By the mid 1970's, news reports sensationalizing the combination made it even more popular. It was found that poor Heroin addicts were using Medicaid to get free prescriptions of Pentazocine and Tripellenamine (sometimes in the same visit) to inject at their leisure. This realization led to a decline in prescribing these two drugs. A number of deaths and horrible health consequences from injection of Pentazocine + Tripellenamine eventually lead to the manufacturer of Talwin to introduce the first Opioid + Antagonist combination pill to dissuade people from injecting them: Talwin NX- Pentazocine & Naloxone.

By the early 1980's, newer generation Anti-Histamines were being used in place of Tripellenamine, and Talwin-NX had all but replaced plain Talwin. These events ended the fad that was T's & Blues.
 
Real interesting read.

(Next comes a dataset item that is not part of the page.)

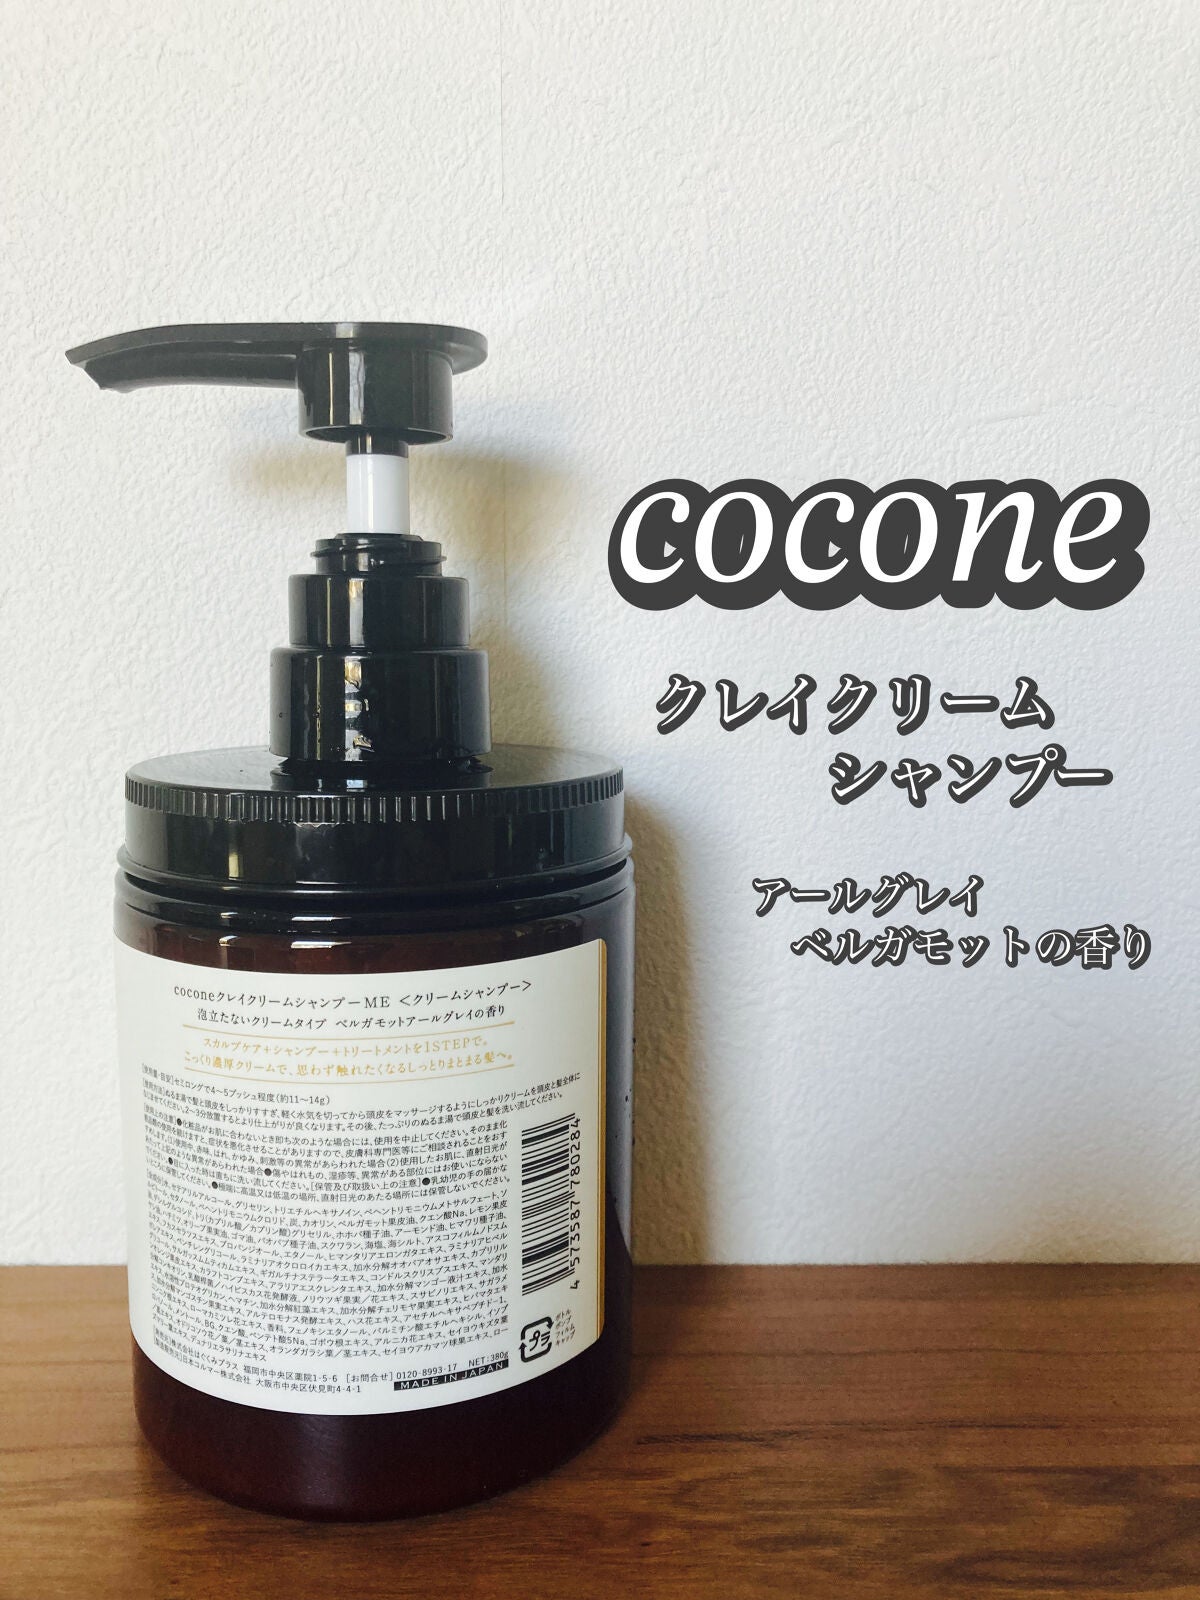 cocone クレイクリームシャンプー 本体+詰め替え用4つ-
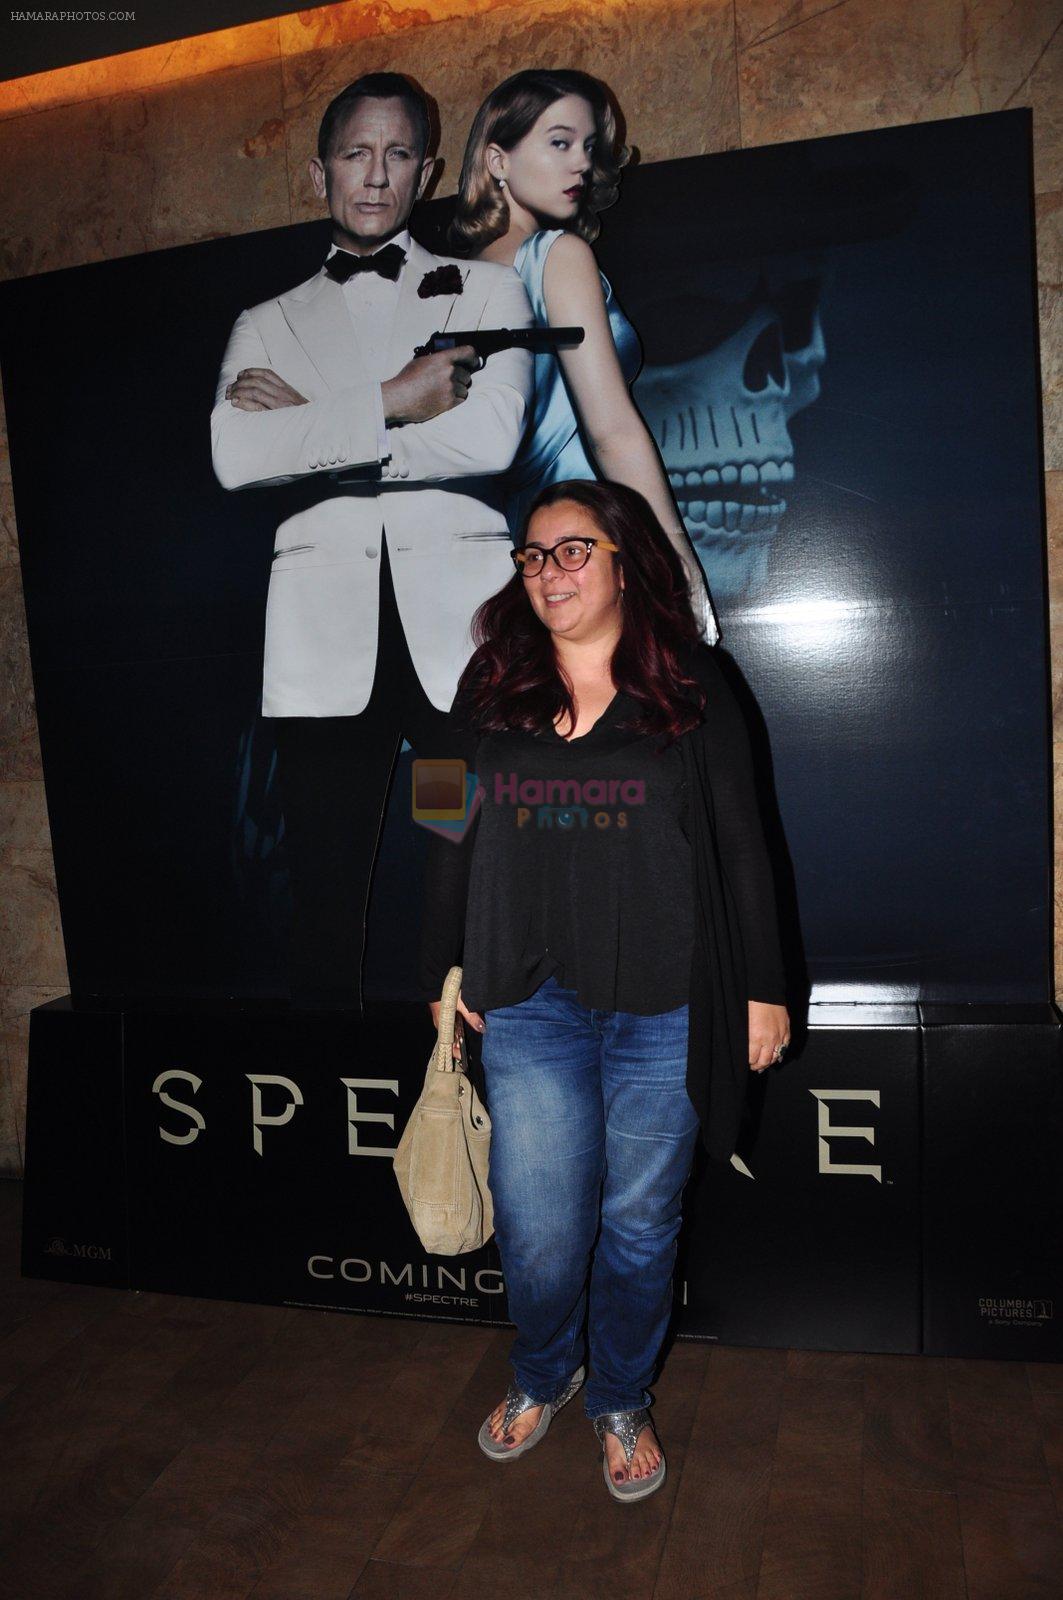 Shrishti Behl at Spectre screening in Mumbai on 18th Nov 2015

I was always curious about those. I only knew bits and pieces about T's and Blues because when I was in detox two years ago some old guy told me about that shit. This filled in the gaps for me.
 
It's such a trip thinking about drug use before the internet. I mean, I have plenty of friends that get drug knowledge only from High Times and word-of-mouth (the same people that are scared of OC, but turn into Percocet Monsters when it comes around). But, I have to wonder if I'd be using beer and cigs exclusively if born in the 1970s.

I also find it interesting, the paregoric extract/antihistamine combo called "Blue Velvet" as that was one of the flavors of "Nuke" in RoboCop 2. The fictional designer drug had d,l-amph and scopalamine among the ingredients, but I'm always amazed at how deep the mecha design and symbolism of even the commercials in RoboCop are. Since it takes place in Detroit, I like to think it could be an intentional reference. Nuke was definitely marketed to the poor in Old Detroit, though the stimulating BV might reflect the media coverage of uppers like coke, freebase, and MDMA in the late 80s.

Not much else to say. I'm just always interested in reading about opioid-related things.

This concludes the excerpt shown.